Keywords:
Breast, Computer applications, Mammography, Neural networks, Computer Applications-Detection, diagnosis, Efficacy studies
Authors:
E. F. Conant1, S. Periaswamy2, S. Fotin2, J. Go2, J. Pike2, J. boatsman3, J. Hoffmeister2; 1Philadelphia, PA/US, 2Nashua, NH/US, 3San Antonio, TX/US
DOI:
10.26044/ecr2019/C-1648
Conclusion
The purpose of this study was to evaluate the concurrent use of AI with DBT based on mammographic appearance and histopathology.
The results showed larger improvements in sensitivity for calcifications-only lesions and DCIS compared to soft tissue lesions and invasive carcinomas.

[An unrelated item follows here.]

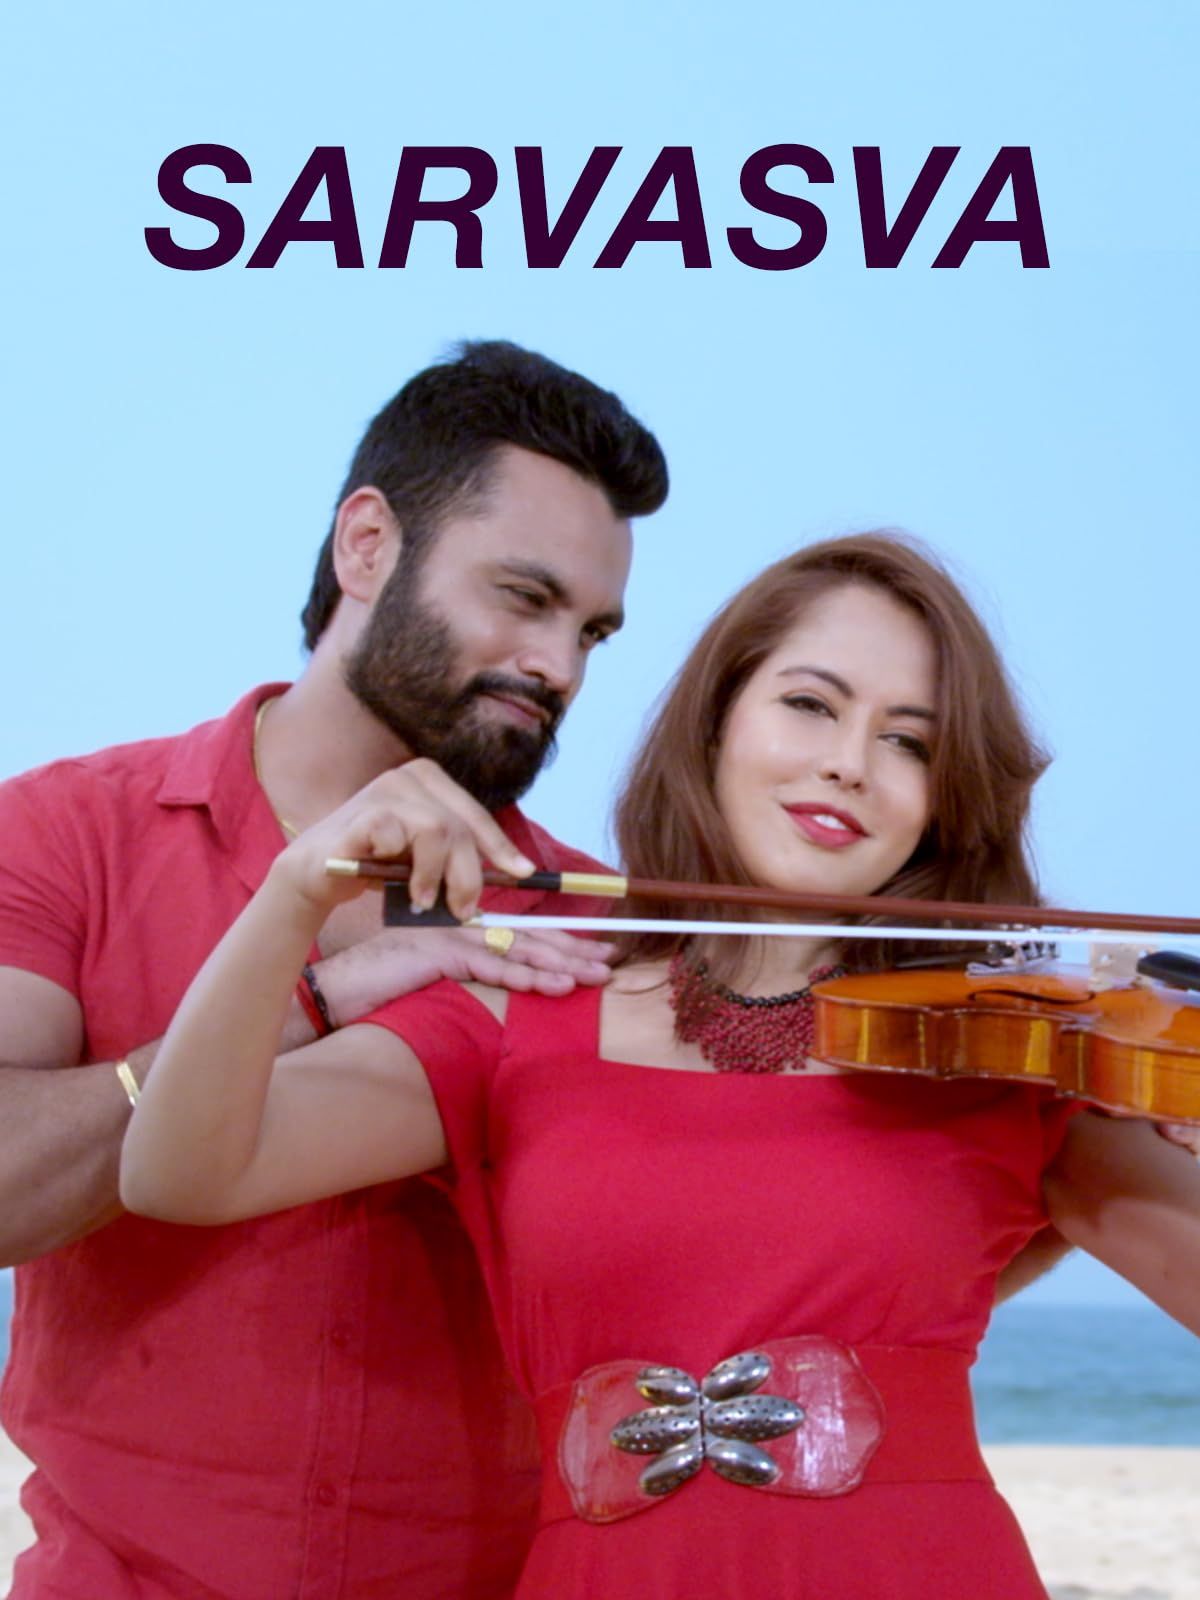 Sarvasva (2023) Hindi Dubbed Movie download full movie

Specificity improvements were similar for soft tissue lesions and cases without suspicious lesions,
with no improvement for calcifications-only lesions.
Of interest were the 55.9% reduction in reading time with all non-cancer cases and even 59.1% with BI-RADS 1 or 2 cases that were not recalled,
compared to 41.3% with cancer cases.
In a mammographic screening setting with DBT,
cancer detection rates are about 6 per 1000 women screened and recall rates are about 7% [1-4].
From our results,
we can thus compute a 58.5% weighted reduction in reading time in a screening setting with use of the AI system.
In conclusion,
sensitivity and reading time improved for all lesion types and histopathologies when AI was used concurrently with DBT.
Specificity improved for mammographic soft tissue cases and cases without any suspicious lesions,
but not for calcifications-only cases.